Semantic and Syntactic Predicates

two advanced ideas are

syntactic predicates

parts of a template look like:

parts: 
 title=LITERAL (PIPE (args=LITERAL)*)*;

semantic predicates

Using Semantics To Simplify Syntax Parsing

does {{LITERAL| ... }} reffer to a parser function, magic word or a template ?

since the parser should be privy to a symbol table of parser_functions, magic_words, templates, variables, etc they can be used to simplify (read: speed up parsing using a simple semantic check (isMagicWord) instead of a deep syntax scan.) in Antlr speak lookahead is said to be analogous to checking all options of the maze, using predicates is called sending in a trained monkiess to stand in the required junction points.

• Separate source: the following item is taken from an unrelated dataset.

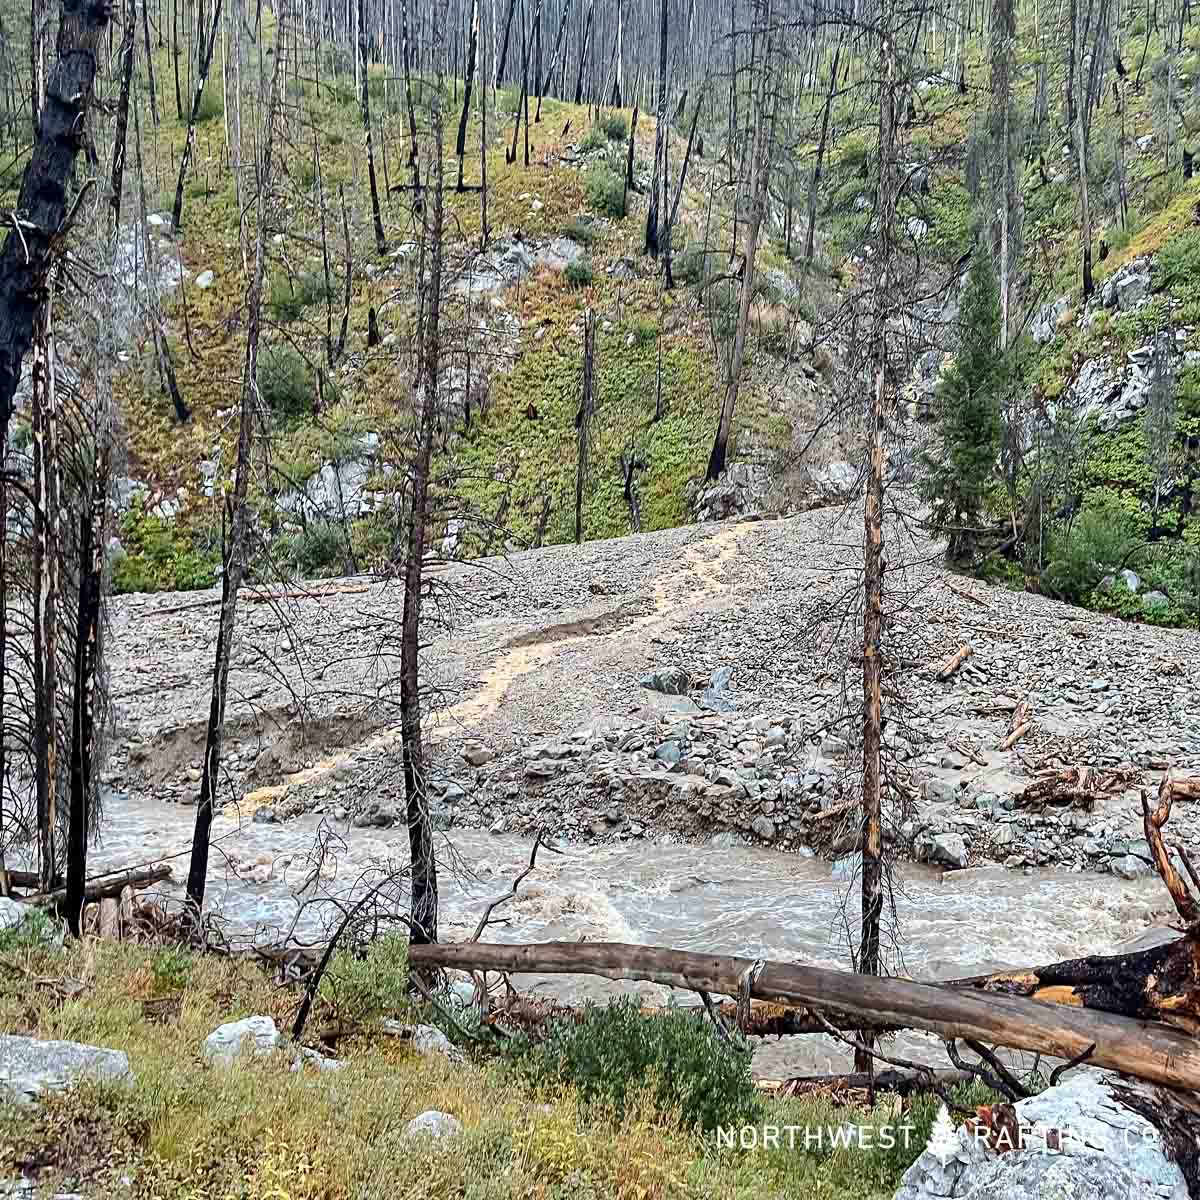 Landslide at entrance of Hells Half Mile

IncludeOnly and NoInclude semantics

IncludeOnly means include the following text only within the scope of the tansculded page (expanded page).
NoInclude means include the following text only within the scope of the template page (expanded page).

//todo prototype and paste here :-)

Look Ahead

This is an example of using look ahead in the parser. There is also lookahead in the lexer. But it does not return string only ints (of chars).

Implementing some parser functions

if switch etc are the where parsers shine. the parser rules below use sysntactic predicates:

stat: keyIF expr stat
| keyCALL ID ';'
| ';'
;

/** An ID whose text is "#if" */
keyIF : {input.LT(1).getText().equals("#if")}? ID ;
/** An ID whose text is "#switch" */
keyCALL : {input.LT(1).getText().equals("#switch")}? ID ;

Implementing some Magic Words

Magic words can be trickier to take care of since. one idea is to keep them in a data structure like a hash or a trie.

@members{

  public boolean isMagic(String token){

     return (magic.isKey(token))); // a hash of magic words token (and thier functor objects)
  }


}




keyCALL : {isMagic(input.LT(1).getText())}? ID ;